Une acoustique spécifique

Aujourd’hui le court numéro 1 n’est plus le central bis. Un autre grand court construit en 1994 et baptisé Suzanne Lenglen, d’une capacité de 10 000 places, remplit désormais cet office. Il n’empêche que le « 1 » a gardé ses inconditionnels, séduits par son côté intimiste et son acoustique qui donnent à chaque match une intensité spécifique, même si celui-ci n’est pas d’une qualité extraordinaire. « Dès 1978, j’ai commencé à travailler sur ce projet, nous dit aujourd’hui Jean Lovera, en réalisant quelques esquisses, inspirées à la fois par des stades que j’avais visité dans ma carrière de joueur de tennis, mais aussi par l’histoire de Roland-Garros. Notamment par celle d’Etienne-Jules Marey, qui avait construit à cet endroit sa station physiologique, qui était un cercle, sur lequel il faisait courir les athlètes, les chevaux… Il y a eu une source d’inspiration, avec l’idée du cercle et l’arène des constructions romaines. Le court central était une masse très importante. Nous avions la nécessité de faciliter les flux du public, car l’un des constats de l’époque, même si c’est encore vrai en partie aujourd’hui, c’est qu’entre les matches, il y avait une réelle difficulté à circuler dans les allées de l’enceinte menant vers les (anciens) courts n°2,3,4,5 et 6. Pour que le public puisse mieux circuler, l’aspect circulaire du court n°1 était la meilleure réponse possible. Pendant sa conception, j’ai craint que l’effet d’écho ne soit trop important.
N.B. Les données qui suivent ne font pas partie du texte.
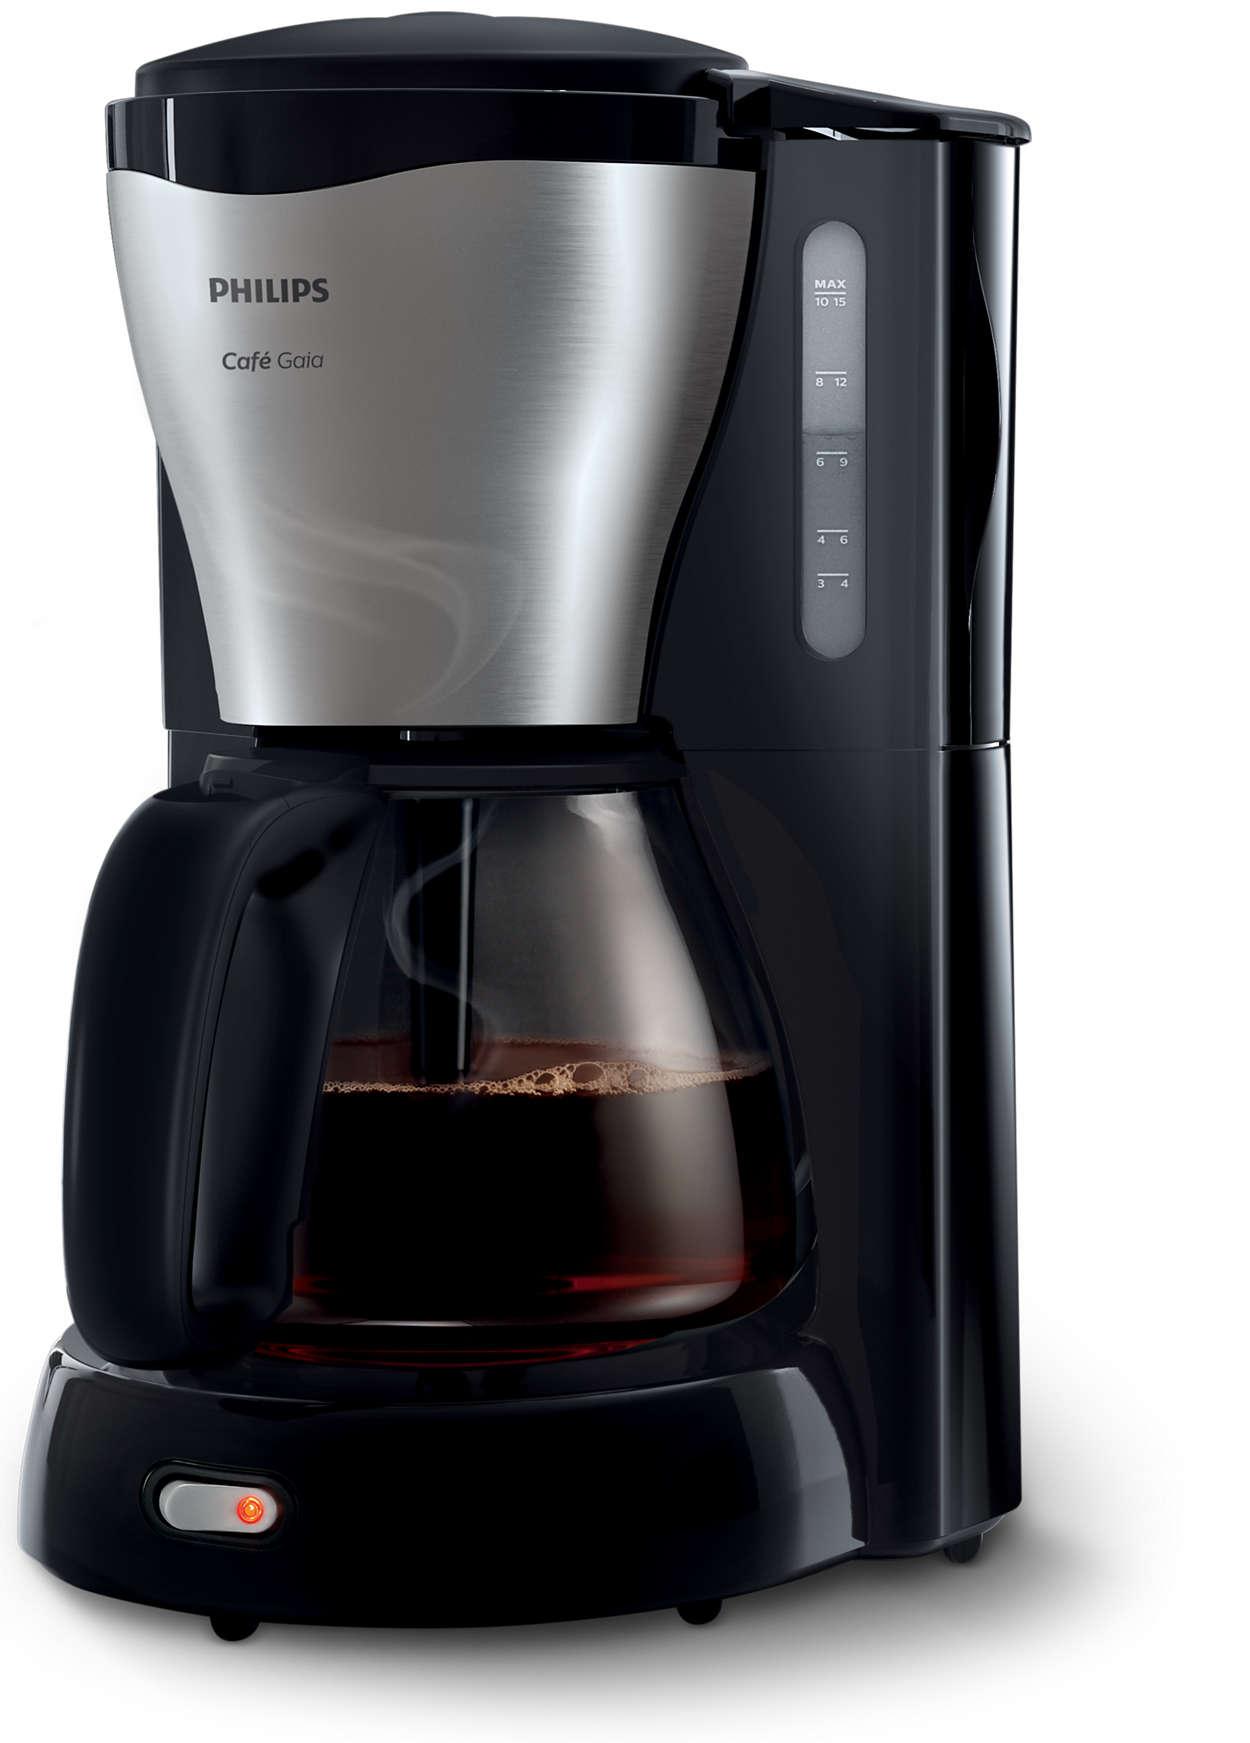 Υπέροχος καφές μέχρι την τελευταία σταγόνα

Finalement, le fait d’avoir plus de trois mille spectateurs dans les gradins, permet aussi d’absorber ces effets de résonnance. » Voué à disparaître dans le cadre du Nouveau Roland-Garros, pour y laisser place à une vaste esplanade verte, le court n°1 aura vu défiler en plus de 35 ans d’existence pléthore de championnes et de champions, qui ont parfois disputés leur premier match ou qui ont tiré leur révérence. Une arène qui restera, malgré sa destruction, mythique, là où, aussi, l’histoire s’est écrite.